Update on the Genetic Research at the University of Massachusetts
By Robert H. Brown, Jr., D.Phil., M.D.
The UMass Team has made progress in three activities in the laboratory. First, we have continued work on our program to find ways to turn off the gene that makes the mutant HSAN protein (serine palmitoyltransferase or SPT). This has involved developing a set of reagents that can interact with the working template of the gene, which is a string of RNA molecules copied from the DNA in the gene itself. Guided by Dr. Anastasia Khvorova and aided by a graduate student, Havisha Karnam, we have made starting tools – short strings of DNA molecules (known as oligonucleotides, or just “oligos”) that bind to the target RNA from the SPT gene. We have generated two types of the oligos and are very encouraged because they both successfully turn off the SPT gene in cells in a Petri dish.
In our second, parallel effort, we have also been studying the degree to which these oligos permeate the target sites in the nervous system (the dorsal root ganglia and spinal cord). We have addressed this in mice, using infusions into the spinal fluid. One of the oligos shows excellent penetration into the target tissues. This provides considerable encouragement that we should be able to take oligo’s that silence SPT in a Petri dish, infuse them into the spinal fluid, and attain good silencing of the SPT gene in the nervous system tissues in the mouse.
In our third line of studies, we have continued the efforts to generate new mouse models of HSAN. This has involved making in the mouse SPT gene the same mutations that cause HSAN in people. If all goes well, the resulting mice will have one normal copy of the gene and one mutated copy, which is exactly the balance of genes present in individuals with HSAN. In the transgenic model now in hand, there are two copies of the normal SPT gene and extra copies of an extra gene (the “transgene”) with the mutated SPT. This transgenic mouse will continue to be extremely informative in many studies. However, as we move toward testing gene silencing in mice, the improved mouse with one normal and one mutant gene will be very advantageous.
In efforts outside the laboratory, we have been working jointly with Dr. Eichler and the Massachusetts General Hospital team to continue the clinical trial and pursue other issues related to clinical evaluation of HSAN (such as developing biomarkers).

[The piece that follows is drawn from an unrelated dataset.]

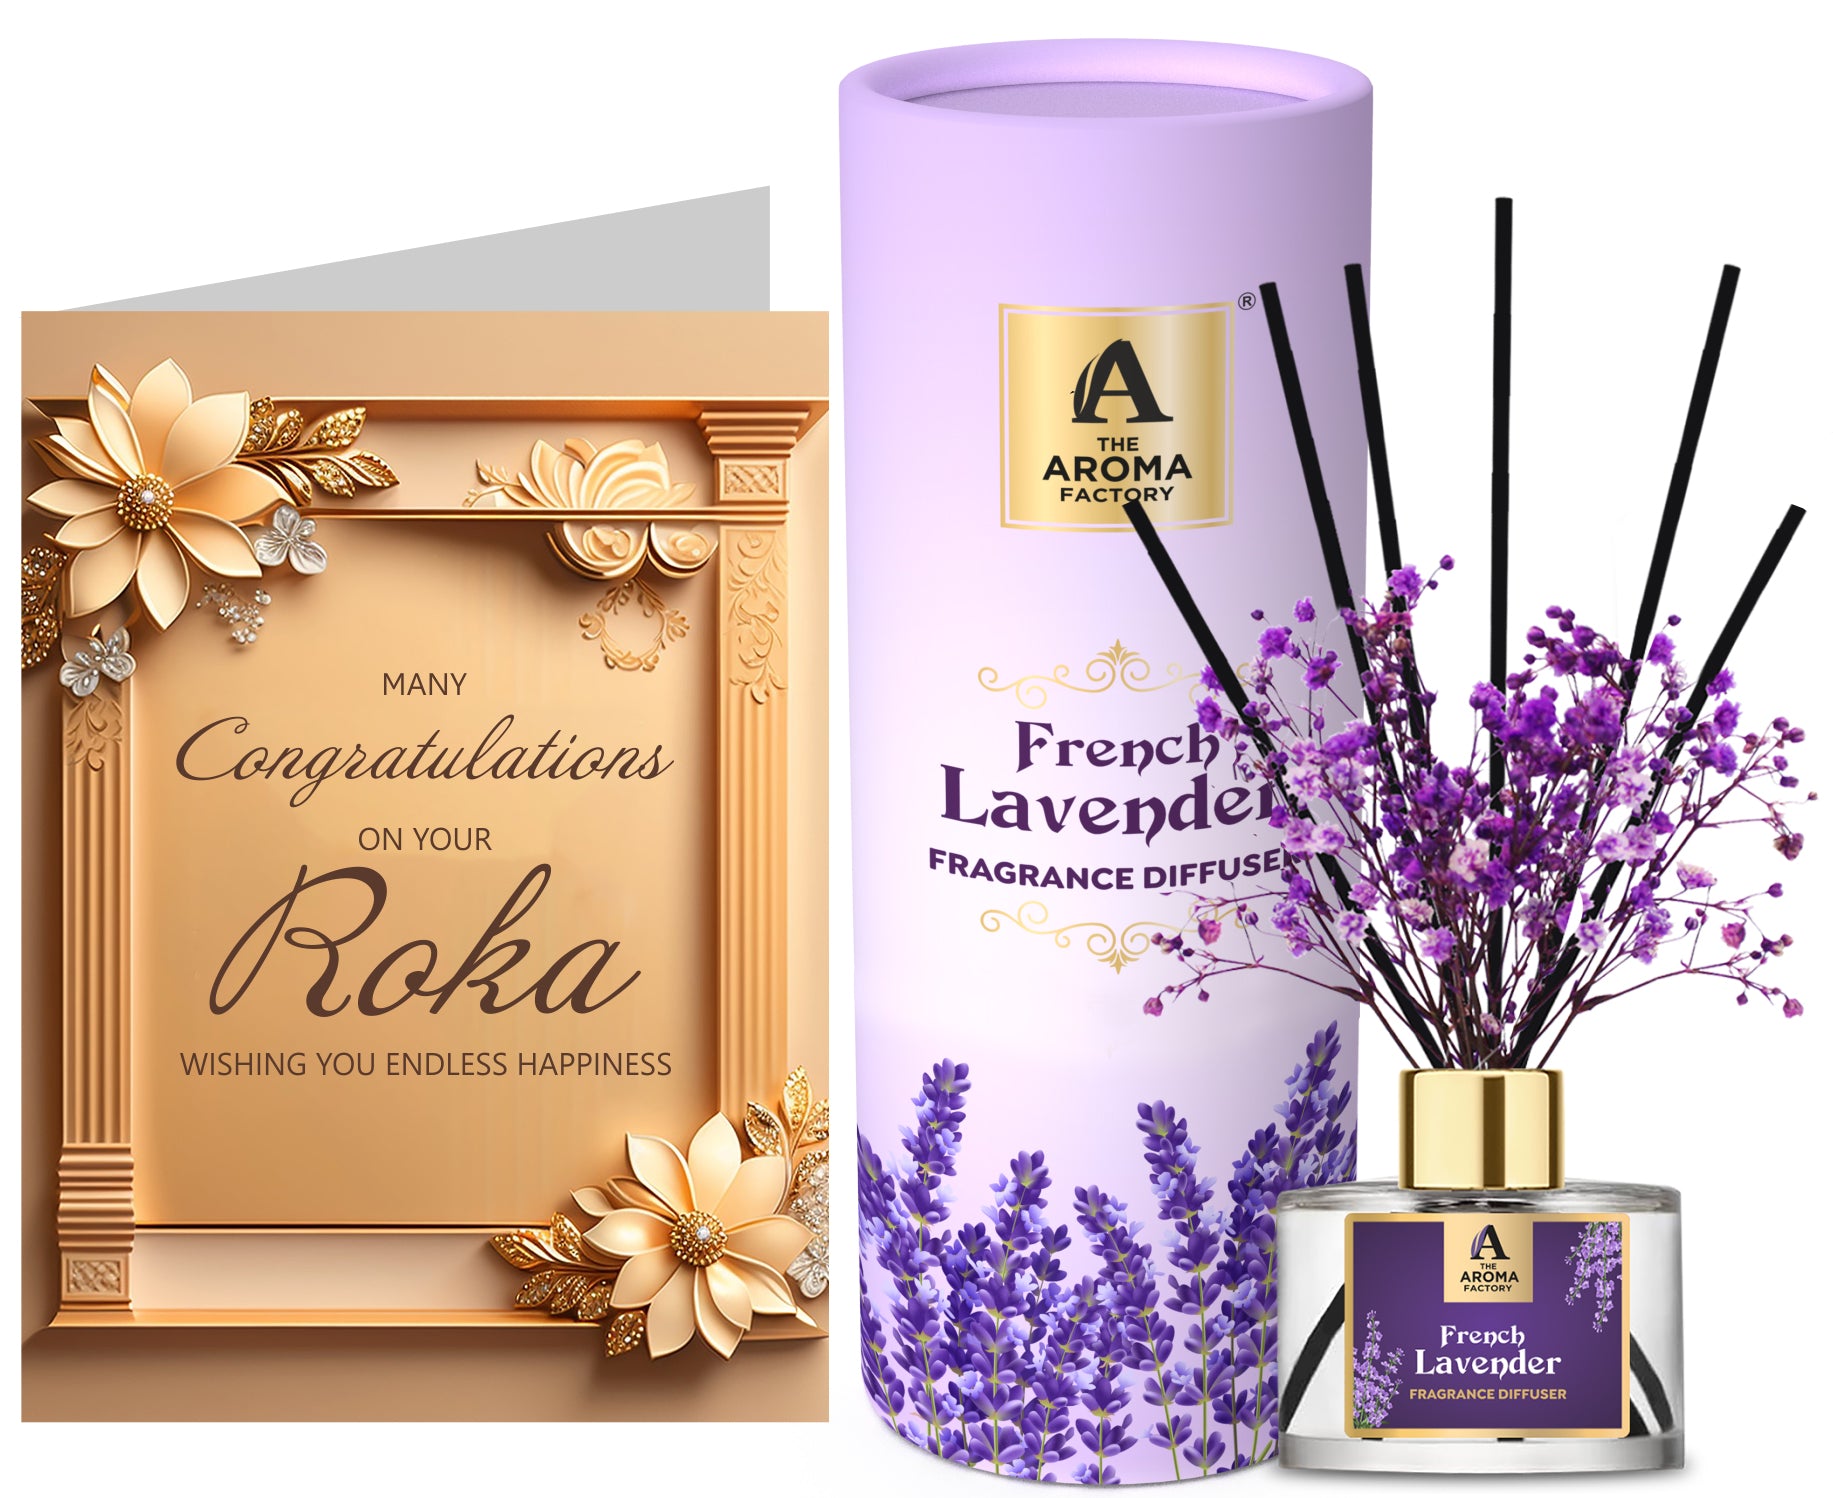 The Aroma Factory Gift for Roka Ceremony/pre Engagement Hamper with Card, French Lavender Fragrance Reed Diffuser Set (1 Box + 1 Card)
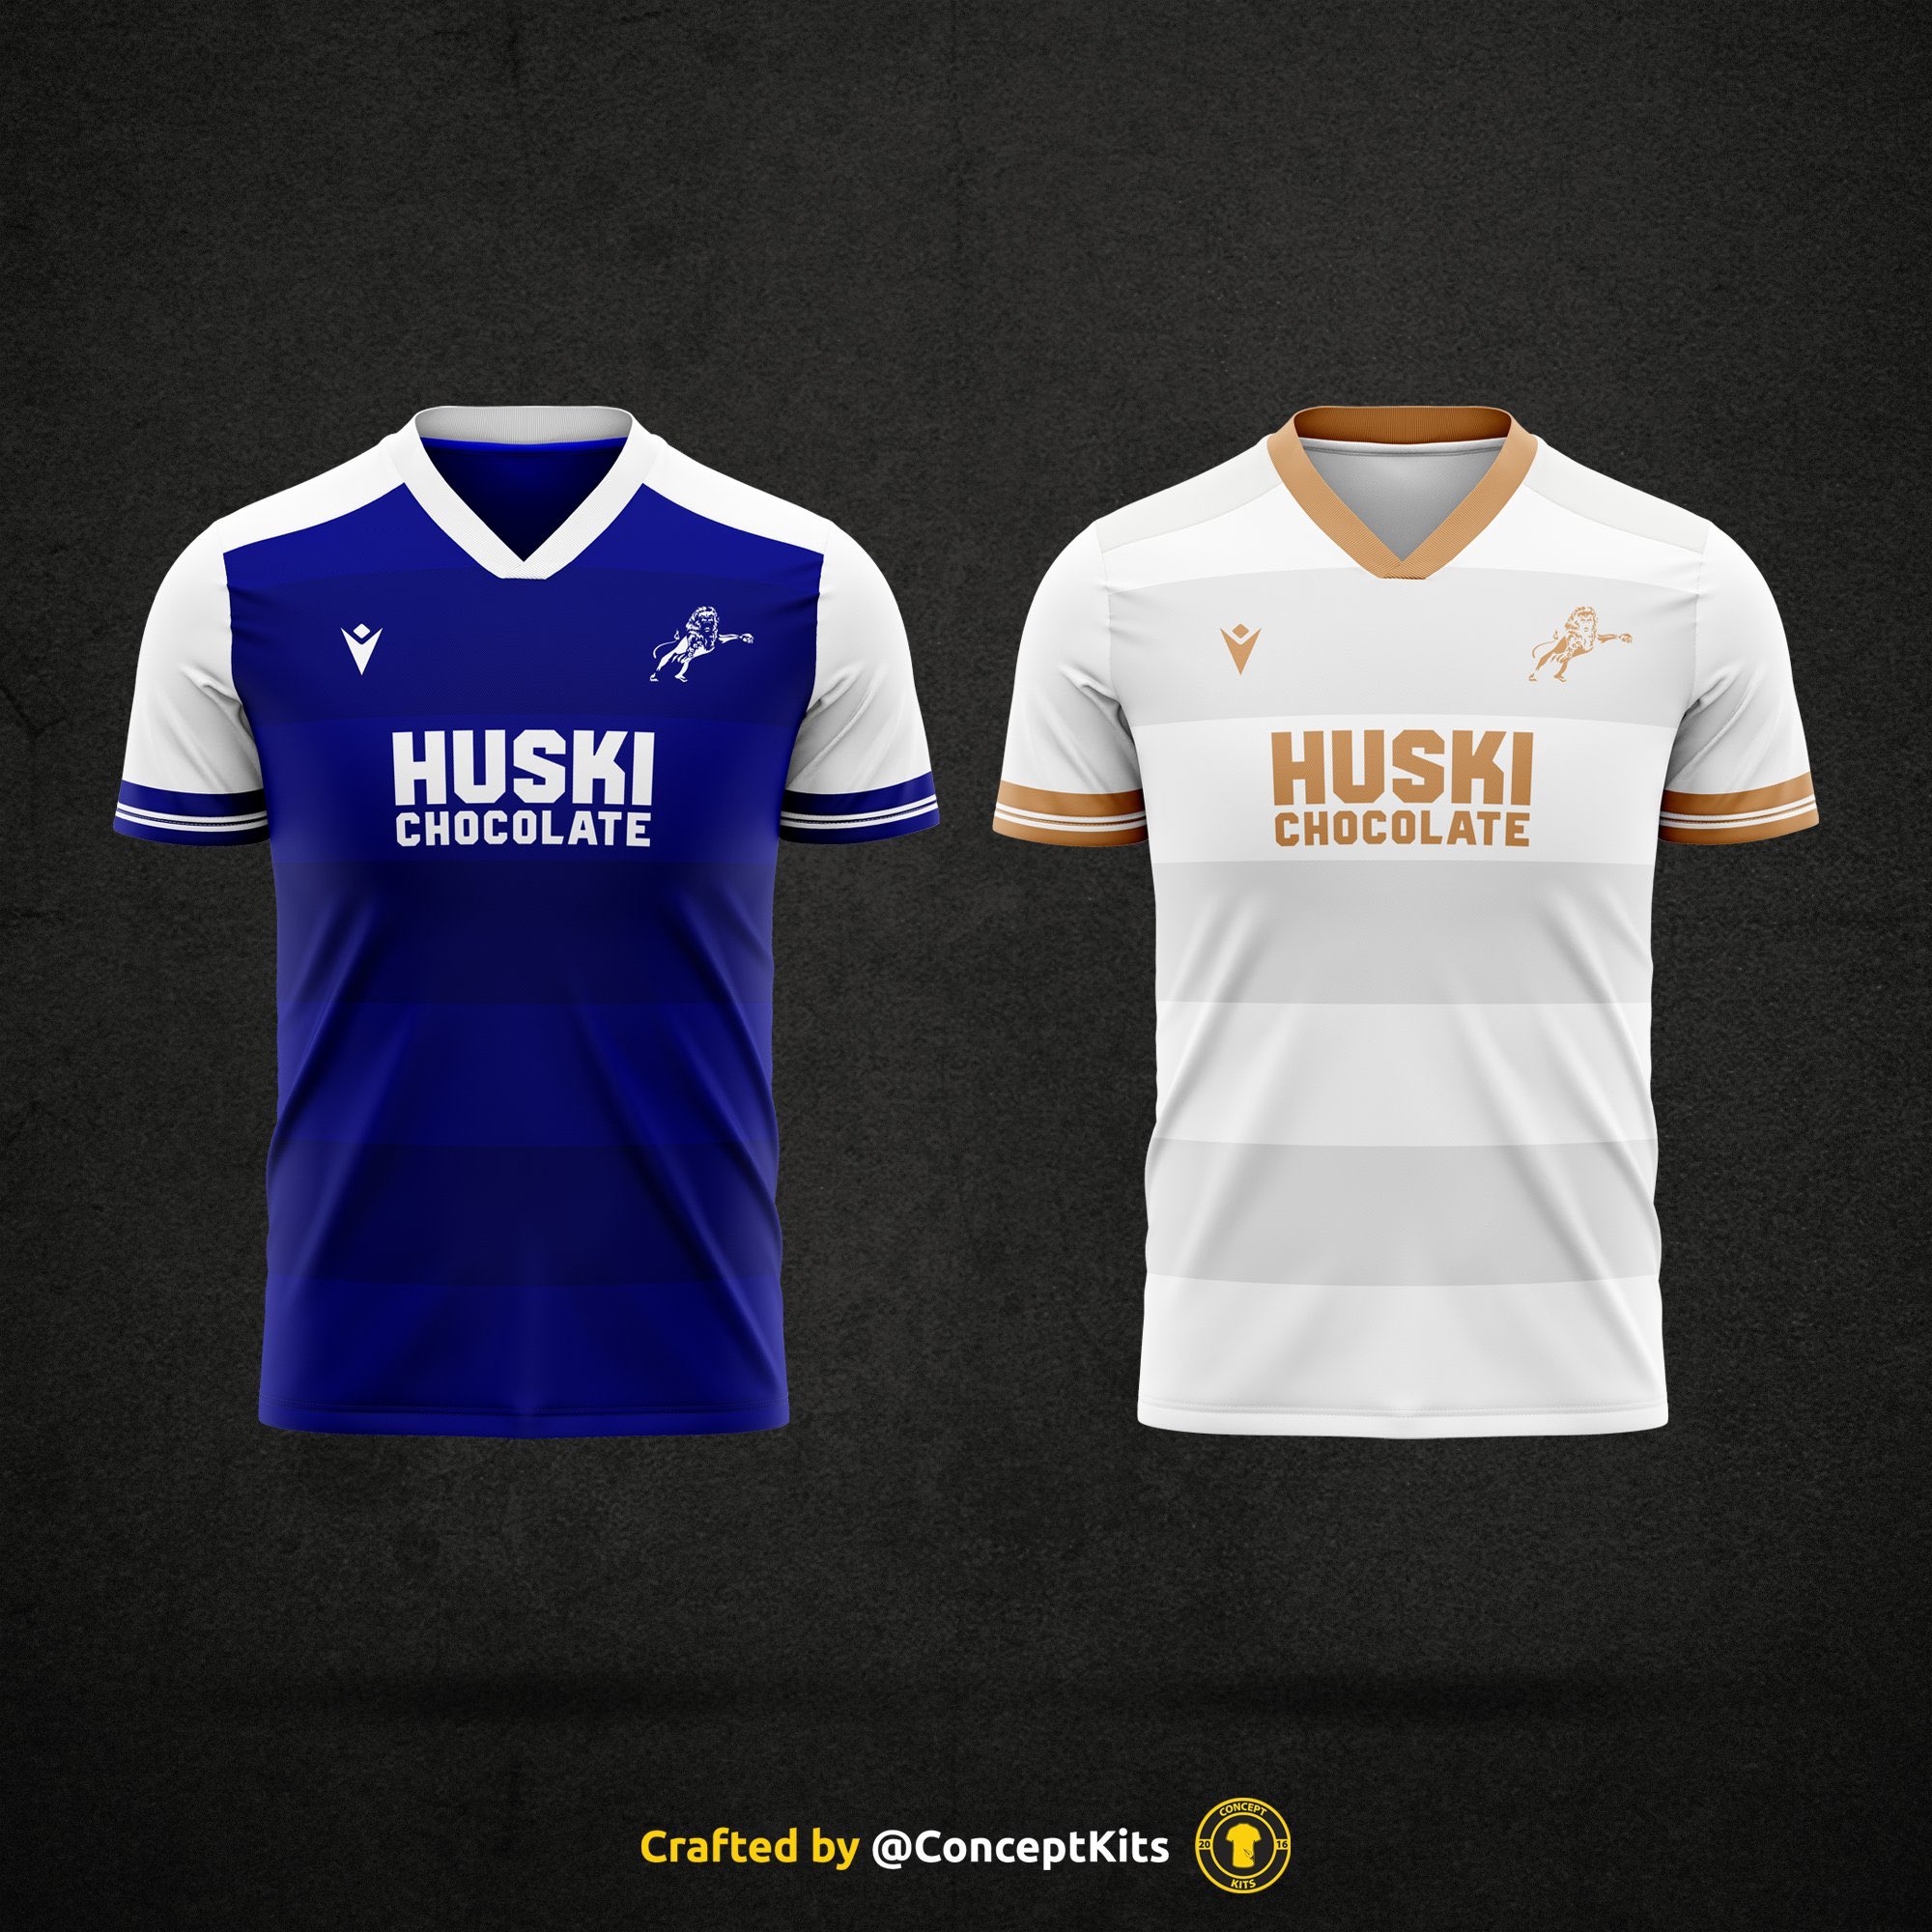 Concept Kits on Twitter: "Millwall Football Club home and away kit concept  for the 2020/21 season. (Requested by @_ConnorFrancis) #MillwallFC #Millwall  https://t.co/VsjgoMG8Ix" / Twitter

It cannot be over-emphasized that all of us in the HSAN research program are very fortunate to work closely with the Deater Foundation in these investigations. We look forward to another productive year in the laboratory and the clinic. We welcome the chance to help plan another outstanding workshop on HSAN. With the current rate of progress, we anticipate that the next HSAN conference will be timely and exciting, and another milestone on the path to finding a treatment.